Те, кто мало знал старого Козимо, и представить не могли, сколько горестей и бед пришлось ему пережить, прежде чем он стал непререкаемым правителем Флоренции. Именно он сопровождал злополучного папу-пирата Иоанна XXIII на Констанцский собор и числился одним из его доверенных лиц. Когда папа решением собора был низложен, шишки посыпались и на него. Спасая свою жизнь, Козимо бежал, переодевшись в чужое платье. Это, однако, не остановило его: возвратившись в родной город, он активно ввязался в политику, что могло бы кончиться для него плачевно, если бы не большие деньги, родственные связи и сноровка — поварившись в котле европейской политики, он твердо знал, как схватить Фортуну за чуб.

Его роль и влияние в городе постепенно росли, и пошла молва, что он хочет единовластвовать. Завистников у него было достаточно — те же Альбицци, Перуцци и Строцци отчаянно завидовали счастливцу. Их страстным желанием было изгнать Медичи из Флоренции, но для этого нужны были веские обвинения, а не сказки о претензиях Козимо на королевскую корону. Как известно еще из Библии, кто ищет, тот обрящет, и скоро предлог был изобретен. Флоренция вела затяжную войну с ничтожным княжеством Лукка и уже потратила на нее массу денег, нанимая кондотьеров с их отрядами, так как собственных войск не имела — а успеха все не предвиделось. И вот нашелся здравый человек, который заявил, что нечего выбрасывать деньги на ветер — бесполезную войну следует прекратить, а цели добиваться иными средствами. Если же это невозможно, нужно, по крайней мере, значительно сократить расходы. Когда Козимо хотел, то своим красноречием он мог убедить даже дубы во фьезоланских рощах. Синьория избрала второй, предложенный им путь: выплаты кондотьерам были сокращены.

На беду Козимо, очередной поход против Лукки закончился поражением, в котором обвинили его. Заодно припомнили и то, что папа Евгений IV как-то в беседе обмолвился в порыве благодарности: Козимо по всем статьям уже король, которому не хватает только короны. Связав все воедино, кое-где притянув доводы за уши, кое-где сгладив нестыковки, враги обвинили Козимо в предательстве интересов родного города и в возбуждении смуты для того, чтобы добиться своих заветных целей. И хотя обвинение было дутым — меньше всего Козимо можно было заподозрить в измене — его пригласили в Синьорию для объяснения своего поведения. Для вызываемого такое приглашение часто кончалось плохо; тем не менее Медичи отправился на разбирательство, был схвачен и отправлен в городскую тюрьму.

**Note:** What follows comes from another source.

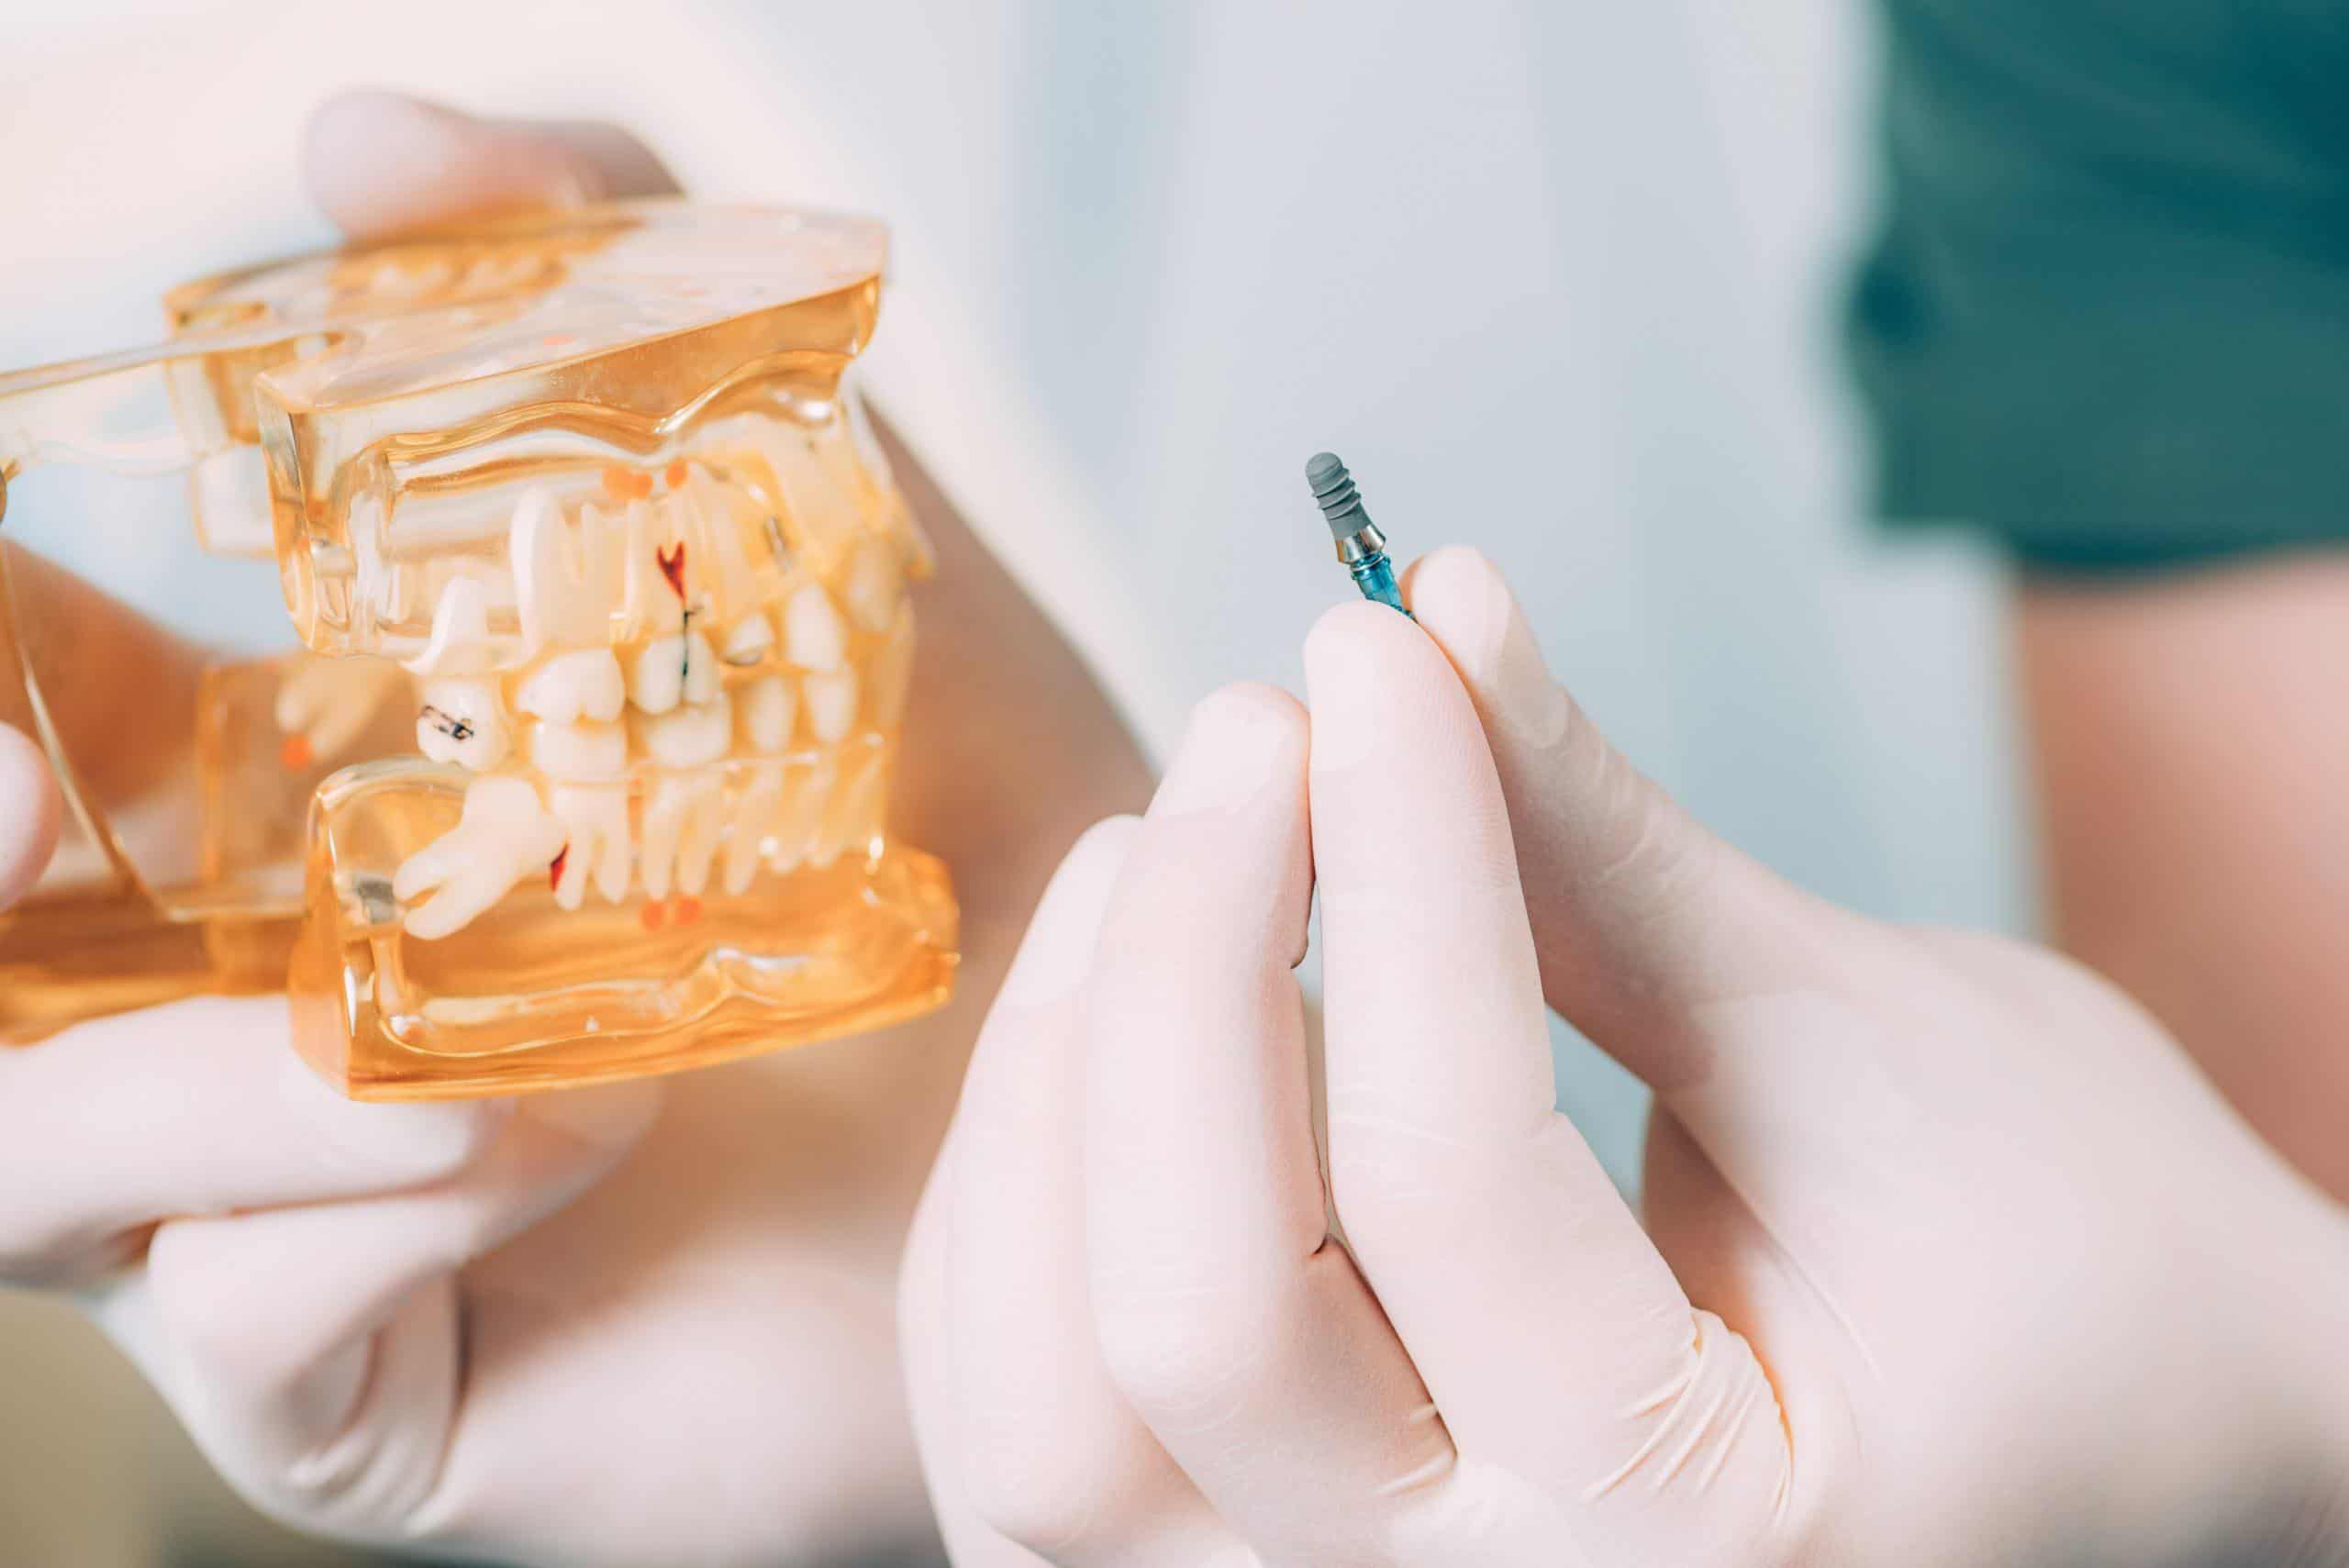 dental implants Singapore

За свою полувековую жизнь Мариано Филипепи пережил много свар в родном городе, так что вместе со своим великим земляком Данте мог бы сказать:

Гордись, Фьоренца, долей величавой!
Ты над землей и морем бьешь крылом,
И самый Ад твоей наполнен славой![3]

Но те тревожные четыре дня он сохранил в своей памяти и не любил говорить об этом, ибо повел себя тогда не самым лучшим образом. Брошенный в узилище «по требованию народа», Козимо все это время голодал, ибо боялся отравы. А у стен тюрьмы бушевали толпы горожан, среди которых был и Мариано. В принципе, им было все равно, будет захвачена Лукка или нет, но они, охочие до зрелищ, как любая толпа, требовали казни «предателя». И все же на пятый день заключенный бежал — ведь деньги открывают самые прочные двери и в целости и сохранности проводят через любую толпу. Козимо уговорил одного из своих стражей передать гонфалоньеру — главе Синьории — тысячу флоринов, после чего вышел на волю. Так он уже во второй раз избежал смерти — было от чего рано поседеть!

Бежав в Венецию, Козимо не стал, подобно другим, сколачивать армии и союзы для похода на Флоренцию, нанимать кондотьеров, хотя денег на это у него хватило бы. Он поступил иначе: начал переводить активы своего банка в Венецию, как говорили, с намерением обосноваться здесь навсегда. Из Флоренции потянулись к нему те, кто дружил с ним или был к нему близок — живописцы, ваятели, философы, купцы. В частности, к нему переехал Микелоццо Микелоцци, тот самый, который построил базилику Сан-Марко и теперь возводил дворец для Медичи.

Если бы до Флоренции дошла весть о предстоящем нашествии сарацинов, она наделала бы меньше переполоха, чем слух о намерении Козимо забрать из города свои деньги. Даже самому глупому флорентийцу было ясно: случись это, торговую республику ожидает полный крах. Венеция не упустит такой возможности, чтобы разорить конкурента. Первыми это поняли ремесленники — без поддержки Козимо они долго не удержатся на плаву. Цехи подняли народ, и «тощий люд» снова, в который уже раз, взбунтовался; те, кто недавно требовал для Козимо смерти, теперь снова вышли на площадь, но уже с требованием вернуть его в город. В адрес Синьории сыпались недвусмысленные угрозы. Мариано снова был вместе с народом и с неменьшим усердием требовал исправить ошибку правосудия. И опять Синьория подчинилась «воле народа»; в Венецию были отправлены гонцы с просьбой к Козимо простить проявленную в его отношении несправедливость и возвратиться в родной город. Медичи простил.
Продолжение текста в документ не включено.